Google Earth now shows you the consequences of climate change over the past 37 years

Google Earth gives you a fascinating 3D tour of the planet in your web browser, and the app’s newest feature lets you look back from the current day to 1984 – so you can see how climate change has changed the face of the Earth in the last 37 years. year old.

Google itself has highlighted a few areas in particular that you might want to check out: the retreating Columbia Glacier in Alaska, for example, or the changing coastline around Chatham, Massachusetts. You can see the cities rising and the forests disappear in an instant through your laptop.

Go here in your browser to use the timelapse feature for you. You can search for a specific place on Earth or browse one of the five suggested categories of timelapse: Changing Forests, Fragile Beauty, Energy Sources, Warming Planet and Expansion urban.

You can also access more than 800 highlighting packages that Google has made by visiting this page in your browser.

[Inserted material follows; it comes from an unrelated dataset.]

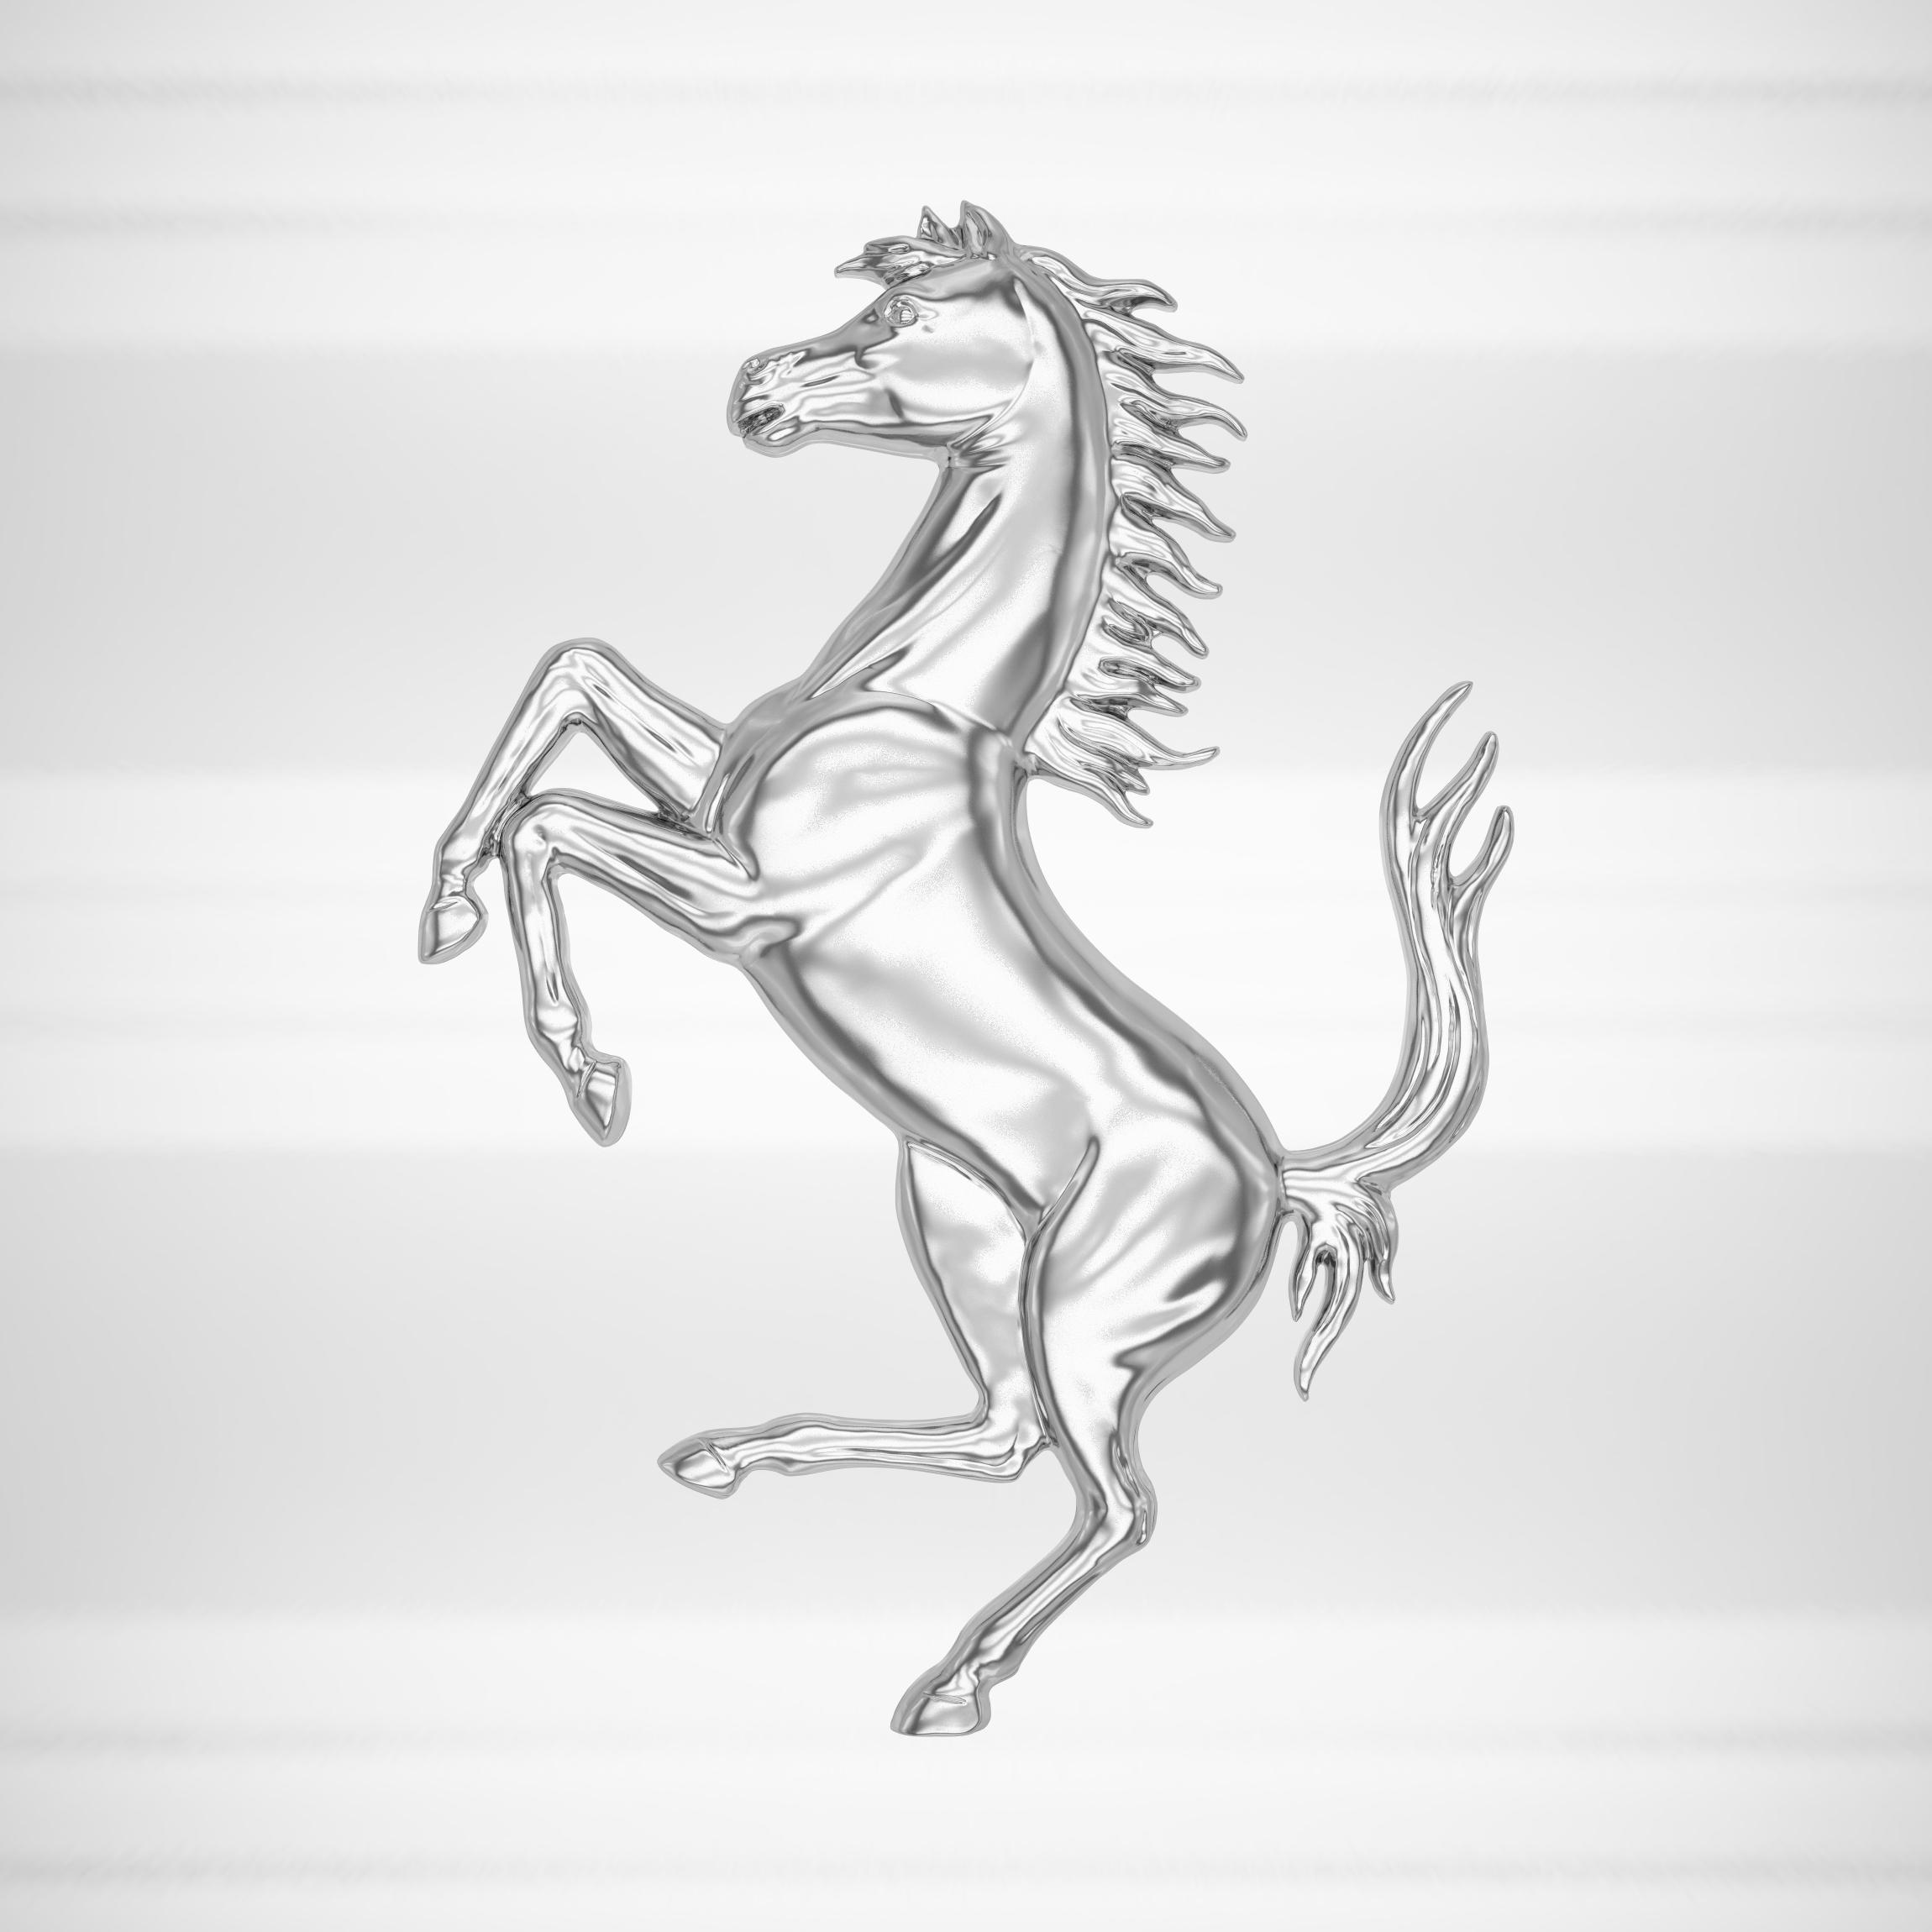 cavallino_cromato RGB

See how ice flows recede, solar farms expand, rivers change course, lakes dry up, and more , either in 2D or 3D.

“Our planet has undergone rapid environmental change in the last half century – more than any other point in human history,” writes Rebecca Moore, director of Earth Engine & Outreach at Google Earth.

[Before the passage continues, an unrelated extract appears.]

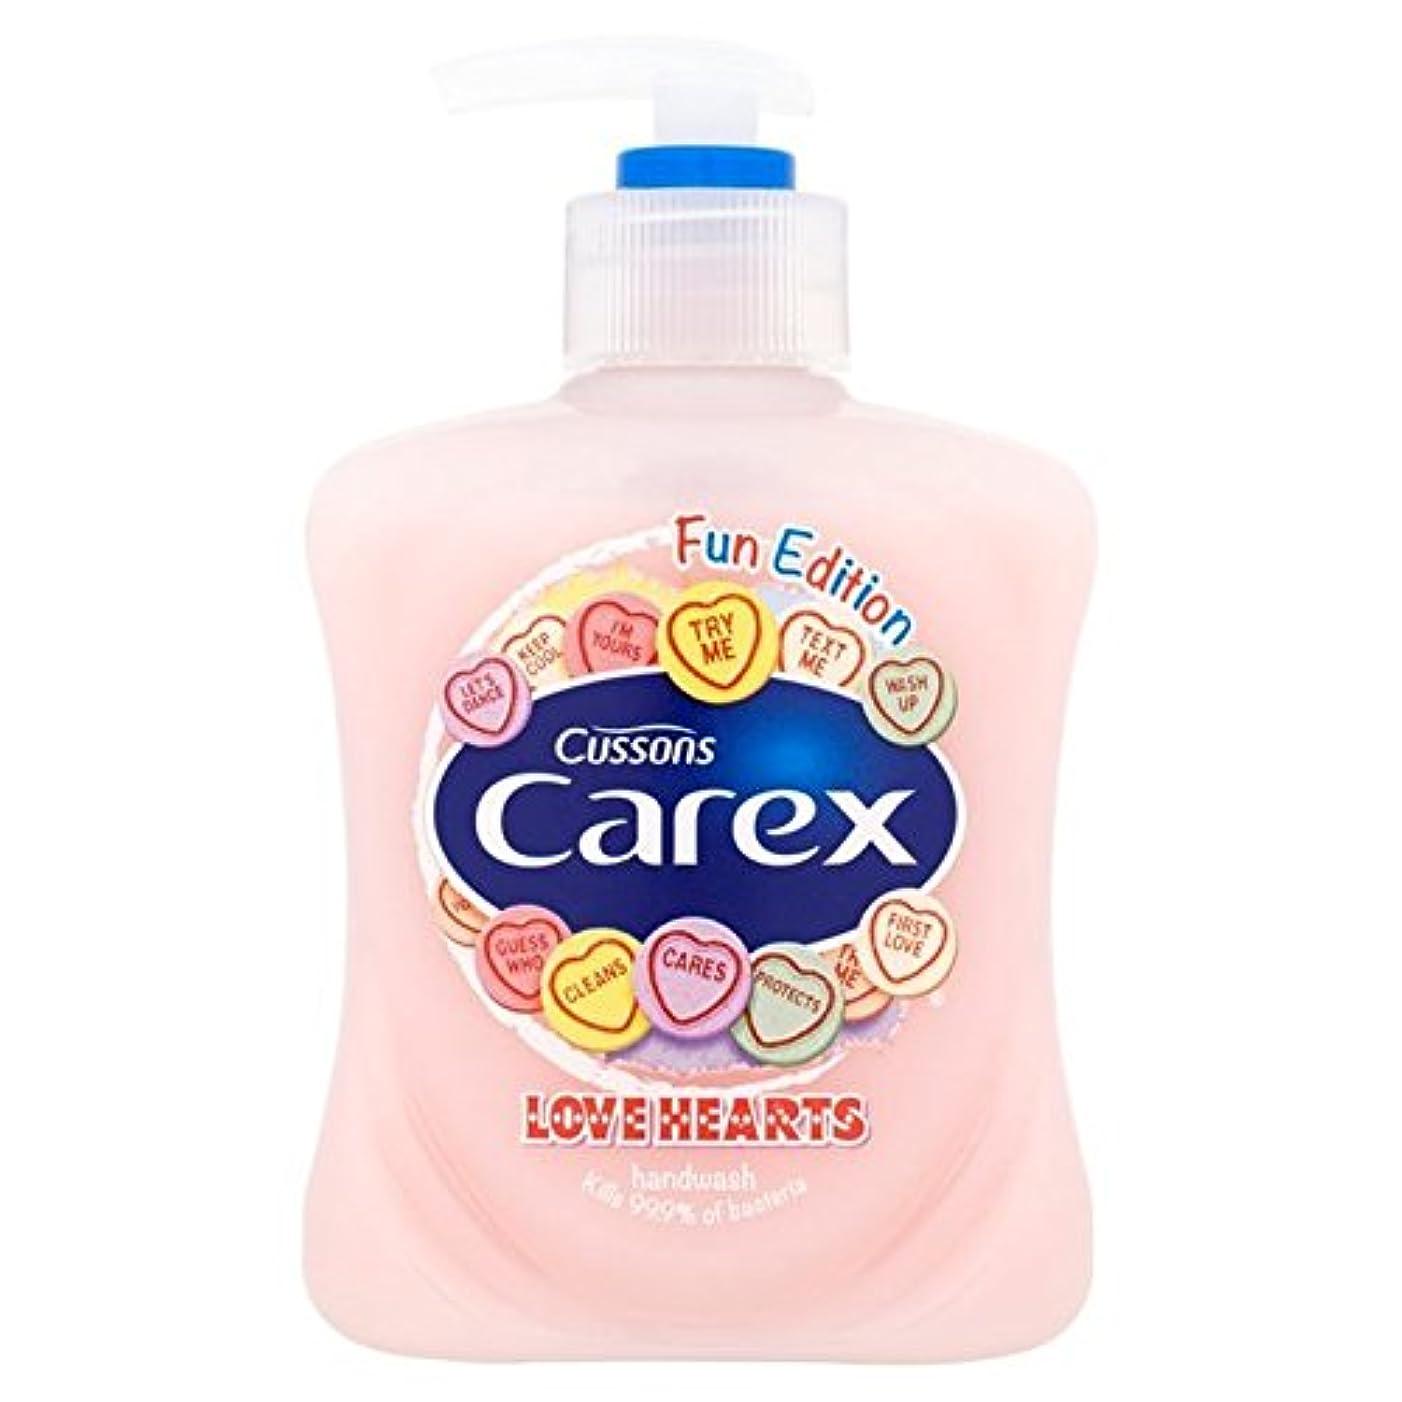 ジャベスウィルソン合併勇敢なスゲ楽しい版愛の心のハンドウォッシュ250ミリリットル x2 - Carex Fun Edition Love Hearts Hand Wash 250ml (Pack of 2) [並行輸入品]

“Many of us have experienced these changes in our own communities; I myself was among thousands of Californians evacuated from their homes during last year’s state fires. For other people, the effects of climate change feel abstract and far away, such as melting ice caps and retreating glaciers. “

The new timelapse feature uses approximately 24 million satellite photos collected by Google Earth. Data from NASA, the US Geological Survey (USGS), the European Union and the European Space Agency (ESA) were collected along the way.

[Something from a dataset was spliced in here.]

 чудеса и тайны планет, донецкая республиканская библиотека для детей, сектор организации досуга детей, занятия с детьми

Google says it took more than 2 million hours of processing to process these 20 petabits of images into a single 4.4-mosaic video therapy – and to give you a sense of scale, which is about 530,000 4K videos. Fortunately, Google has used carbon-neutral, 100% renewable, energy-efficient data centers.

The new images have free access and use, just like the rest of Google Earth, and are worth exploring how our planet has changed in the last 40 years. It is not the same as visiting these places for real, but it can bring home the extent of the damage caused by climate change, from the widening of deserts to the reduction of glaciers.

“With Timelapse in Google Earth, we have a clearer picture of our changing planet at our fingertips – one that shows not only problems but also solutions, as well as fascinatingly beautiful natural phenomena that take place over the decades,” he writes. Moore.